Pictures in the material below are to be left out, and only the lines from the line with "2022 New Year's Countdown Party Poster" up to and including the line with "Picture of a" are to be written out exactly.
[Opening DATA IN THIS EXERCISE section]
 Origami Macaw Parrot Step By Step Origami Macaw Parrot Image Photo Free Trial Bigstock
[Closing DATA IN THIS EXERCISE section]
[Opening DATA IN THIS EXERCISE section]
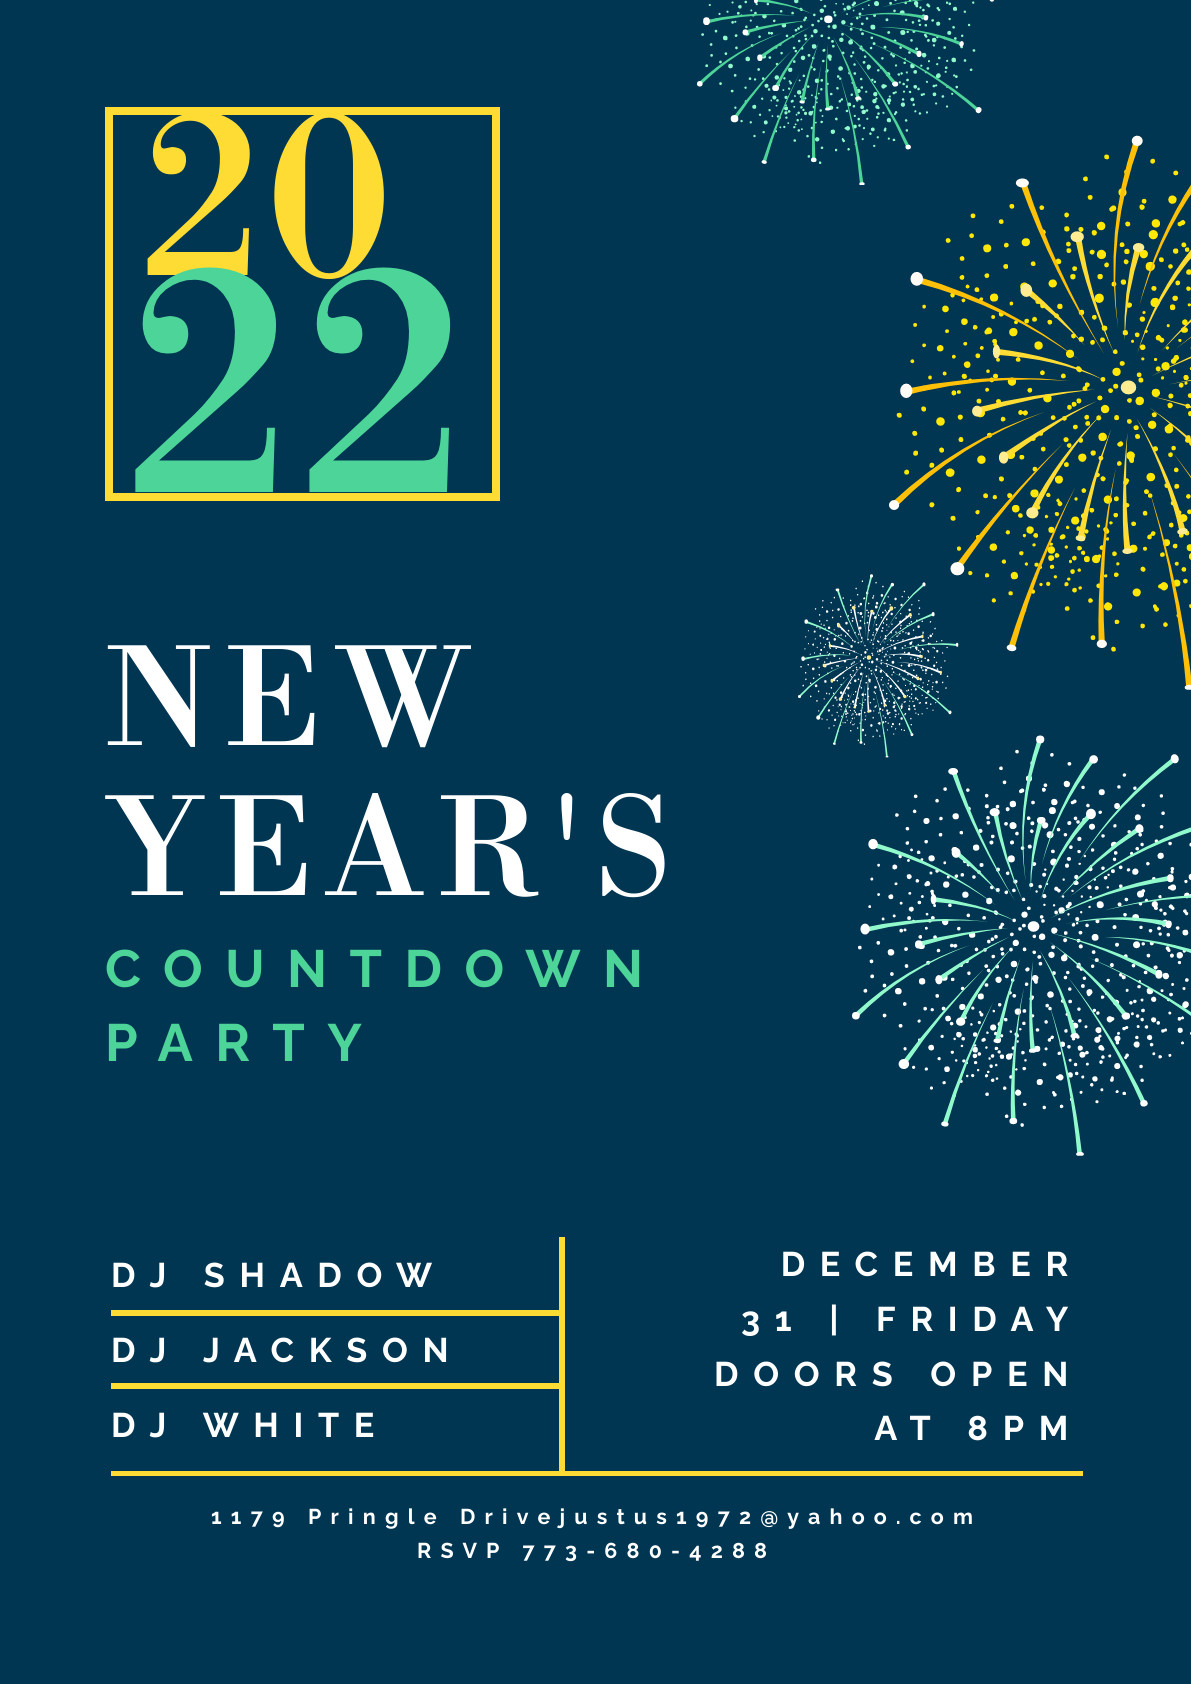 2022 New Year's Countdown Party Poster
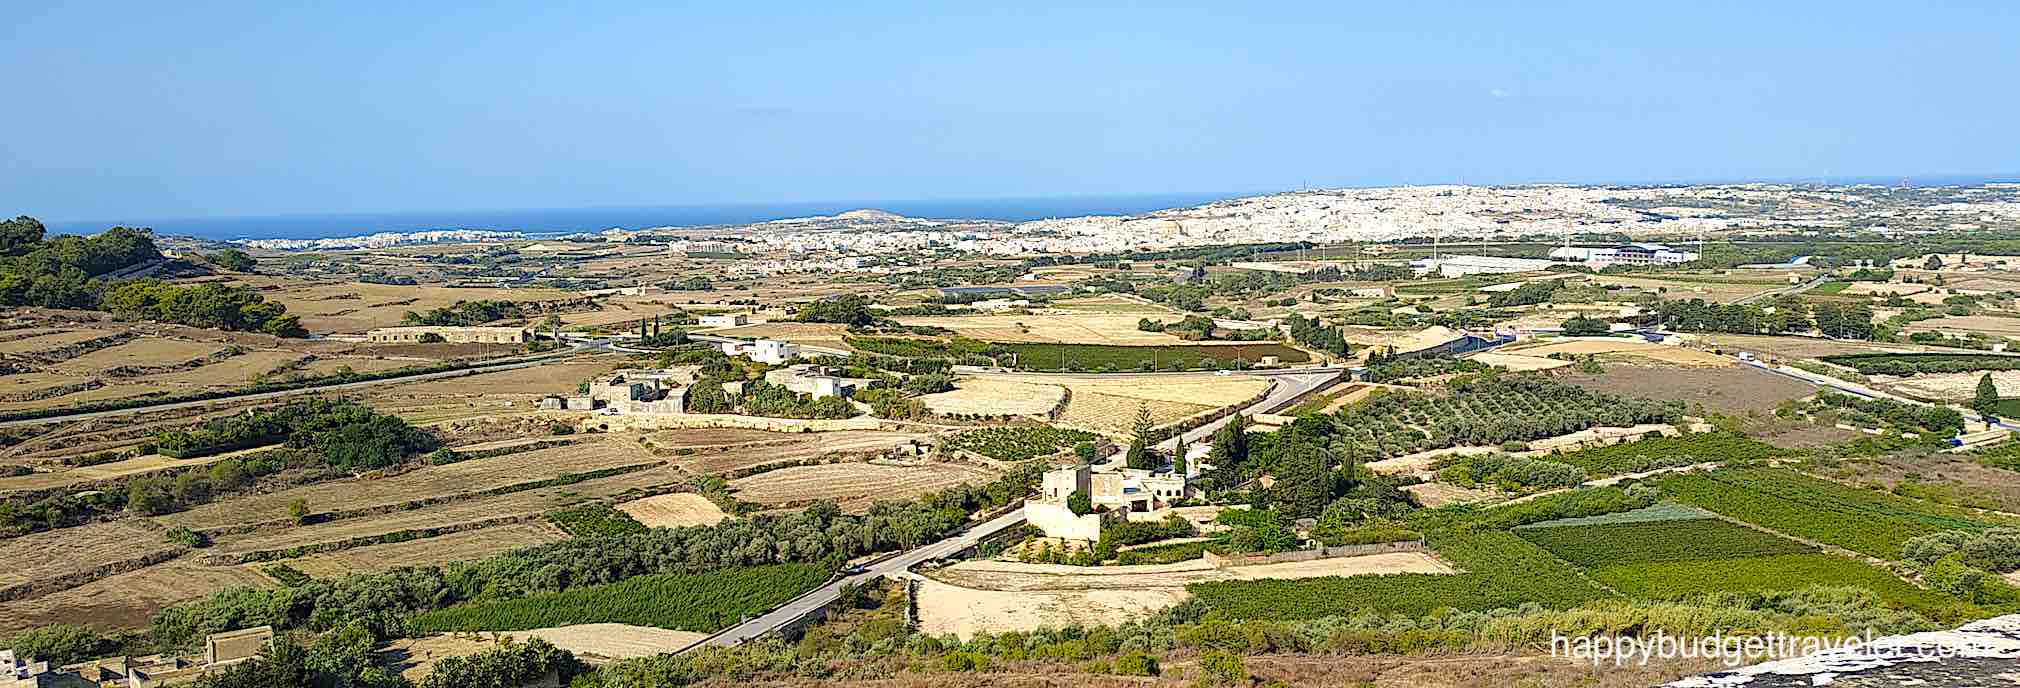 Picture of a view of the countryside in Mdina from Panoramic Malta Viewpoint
[Closing DATA IN THIS EXERCISE section]
FINISHED TASK:
 2022 New Year's Countdown Party Poster
 Picture of a view of the countryside in Mdina from Panoramic Malta Viewpoint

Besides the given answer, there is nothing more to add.